Car l’enjeu fondamental est bien celui-ci : retrouver une unité nationale autour de valeurs
communes et d’un projet partagé.
Les manifestations qui ont suivi les attentats de janvier ne doivent pas entamer notre lucidité :
certains Français sont restés hors champ, soit qu’ils n’adhéraient pas au mot d’ordre, soit
qu’ils s’en désintéressaient.
Il est clairement apparu deux France, une qui était Charlie et l’autre qui ne l’était pas.
Je travaille quotidiennement à leur réconciliation en allant directement auprès de mes
concitoyens :
- dans les quartiers de la politique de la ville, là où les habitants ont parfois le sentiment
légitime d’avoir été oubliés par la République ;
- auprès des jeunes, qui ne se détournent peut-être pas de la politique mais sans doute des
institutions, et qui pour une partie d’entre eux sont dans une forme de désarroi existentiel.
Je travaille donc à la cohésion de mon pays en luttant contre les phénomènes de ghettoïsation.

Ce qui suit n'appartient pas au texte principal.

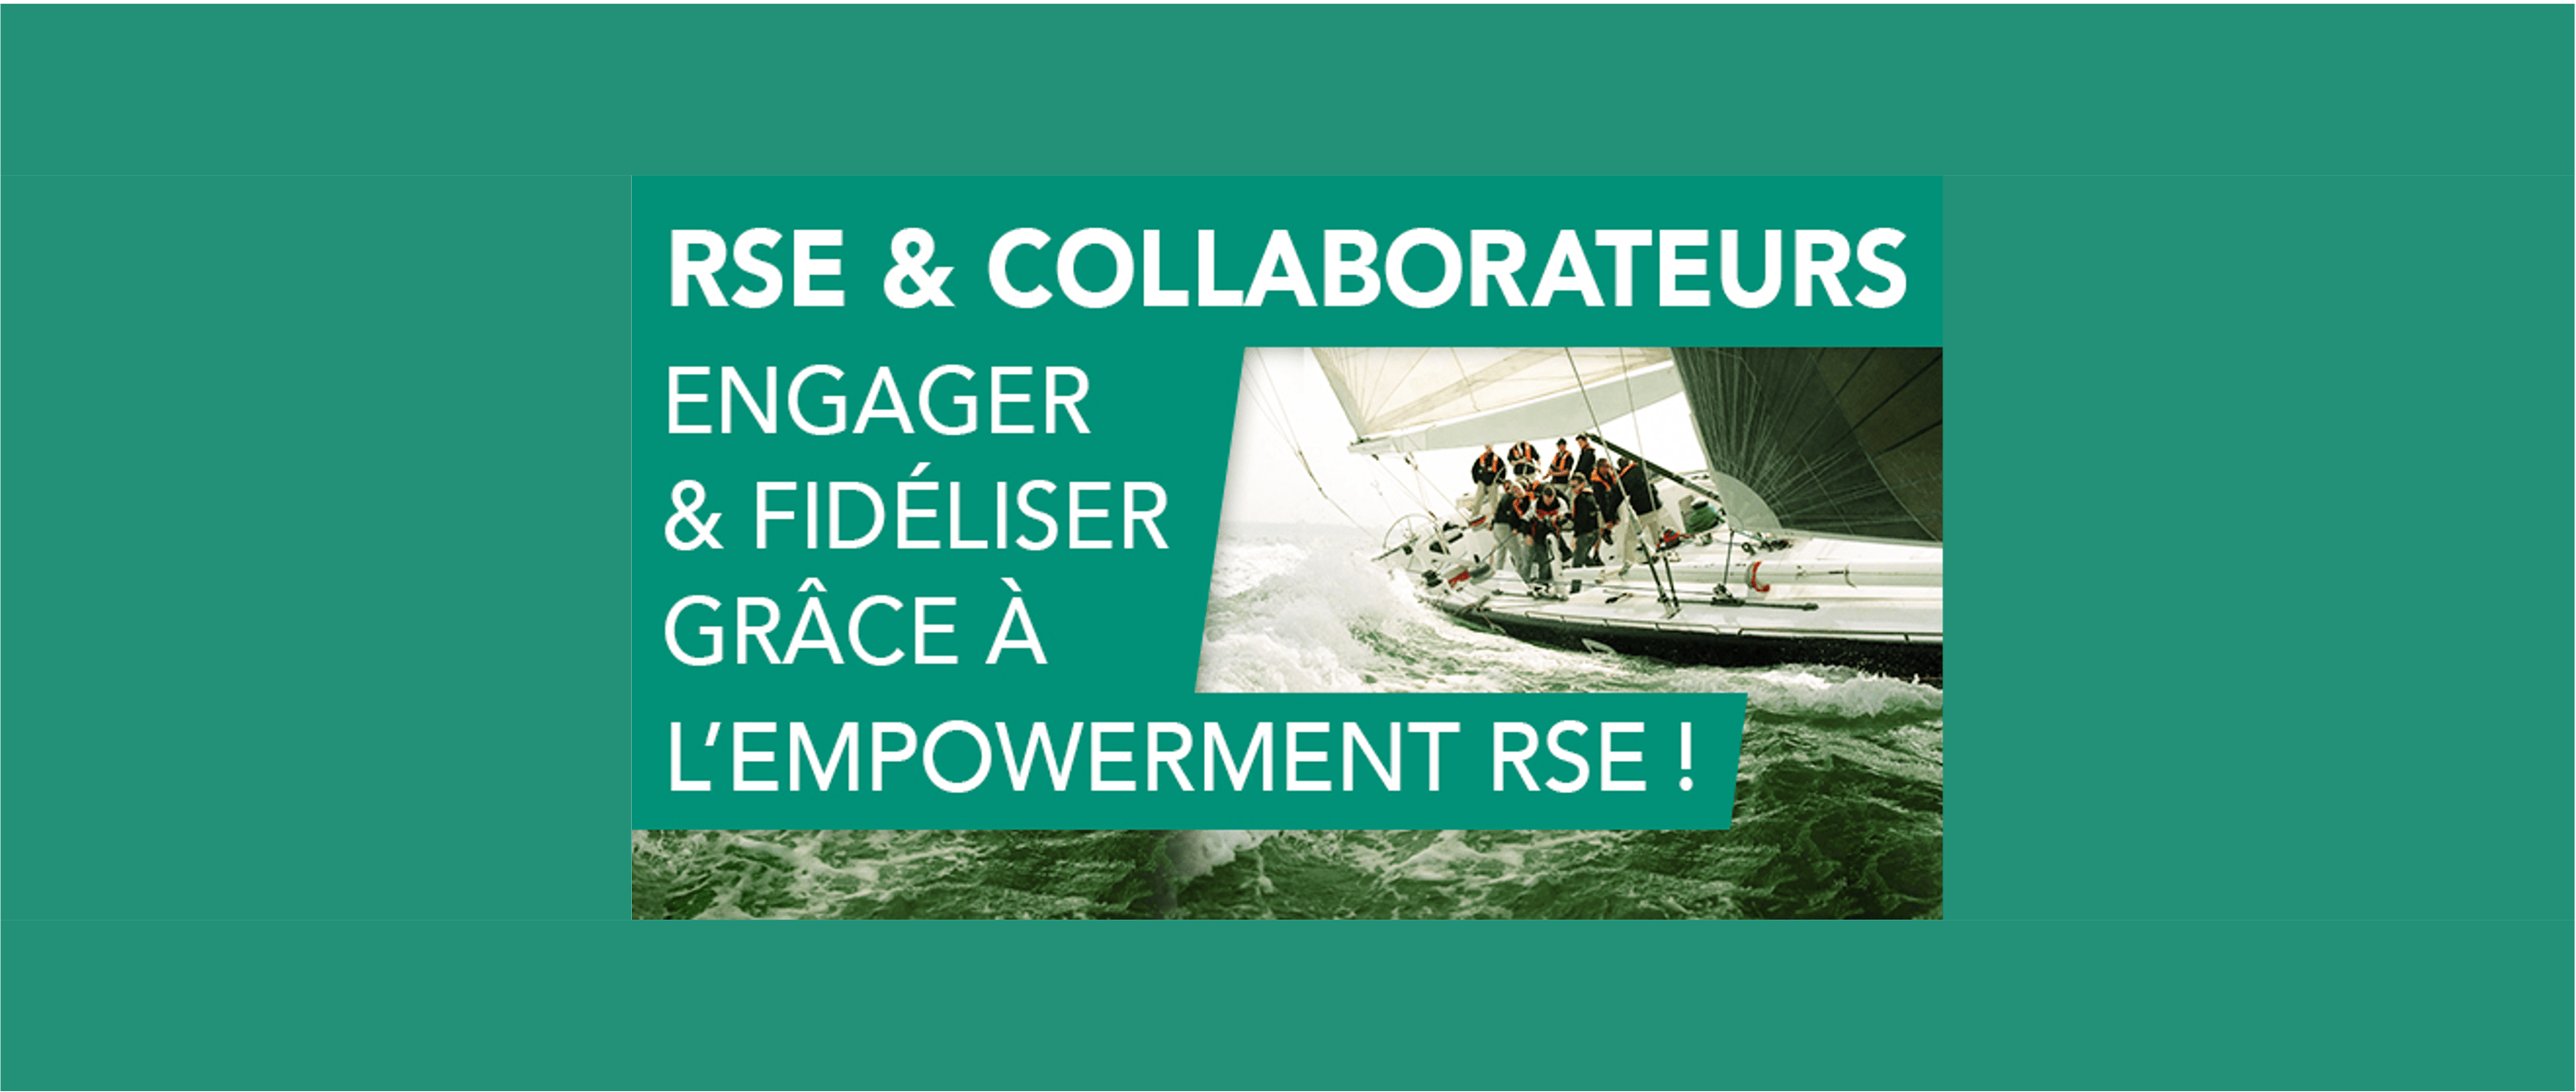 RSE et Collaborateurs : Engager & fidéliser grâce à l’empowerment RSE

Nous prenons des mesures inédites pour que l’égoïsme territorial ne l’emporte pas sur
l’impératif de mixité. L’Etat est prêt à intervenir avec force là où la loi sur la construction de
logements sociaux n’est pas respectée. Au contraire, là où la concentration y est très grande,
nous y portons un coup d’arrêt.
Nous ciblons nos moyens pour l’emploi, en particulier l’emploi des jeunes, en priorité dans
ces quartiers.
3
Si on donne leur chance à ces jeunes, je suis certain qu’ils feront leurs preuves, mais
aujourd’hui ils subissent à la fois la conjoncture et les préjugés.
C’est trop.
Je travaille à la cohésion entre les générations, en tachant de donner davantage de perspectives
à la jeunesse. Des perspectives d’emploi, je l’évoquais à l’instant.
Mais aussi des perspectives d’engagement avec le service civique que nous déployons à
grande échelle, et à grande vitesse.
Il était un dispositif confidentiel, il a désormais vocation à être un dispositif universel.
Des perspectives de mobilité, grâce à l’augmentation substantielle des crédits d’Erasmus
notamment. Découvrir le monde, apprendre de nouvelles langues, découvrir de nouvelles
cultures, c’est une expérience indispensable pour la jeunesse d’aujourd’hui qui doit
s’approprier de nouvelles ambitions.
La réconciliation est donc au cœur de mon action politique. Je l’ai nommée pour ma part
cohésion, mais nous parlons bien de la même exigence de fraternité.
Je le disais au début de mon intervention, la France a fait preuve de courage. La France a
aussi besoin de rêver.
Nous avons besoin de reprendre confiance en nous et de reprendre confiance en l’avenir. Ne
pas céder à l’auto-dénigrement, au « French bashing » comme on dit aujourd’hui. Au
contraire avoir la force de se projeter, d’accueillir le futur avec enthousiasme.
De ce point de vue, la conférence climat qui se tiendra en décembre à Paris, sera j’en suis sûr
un grand rendez-vous. Quoi de plus exaltant que de penser le destin de notre premier bien
commun : la planète.
Je souhaiterais que nous ayons d’autres occasions de regarder ensemble ce monde. Celui qui
va de l’occident à l’orient. Celui qui bâtit des ponts et non des murs. Ce monde, comme
4
l’écrivait Einstein, « qui ne sera pas détruit par ceux qui font le mal mais par ceux qui les
regardent sans rien faire. »
Liberté, Egalité, Fraternité.
Vive la République, et vive la France.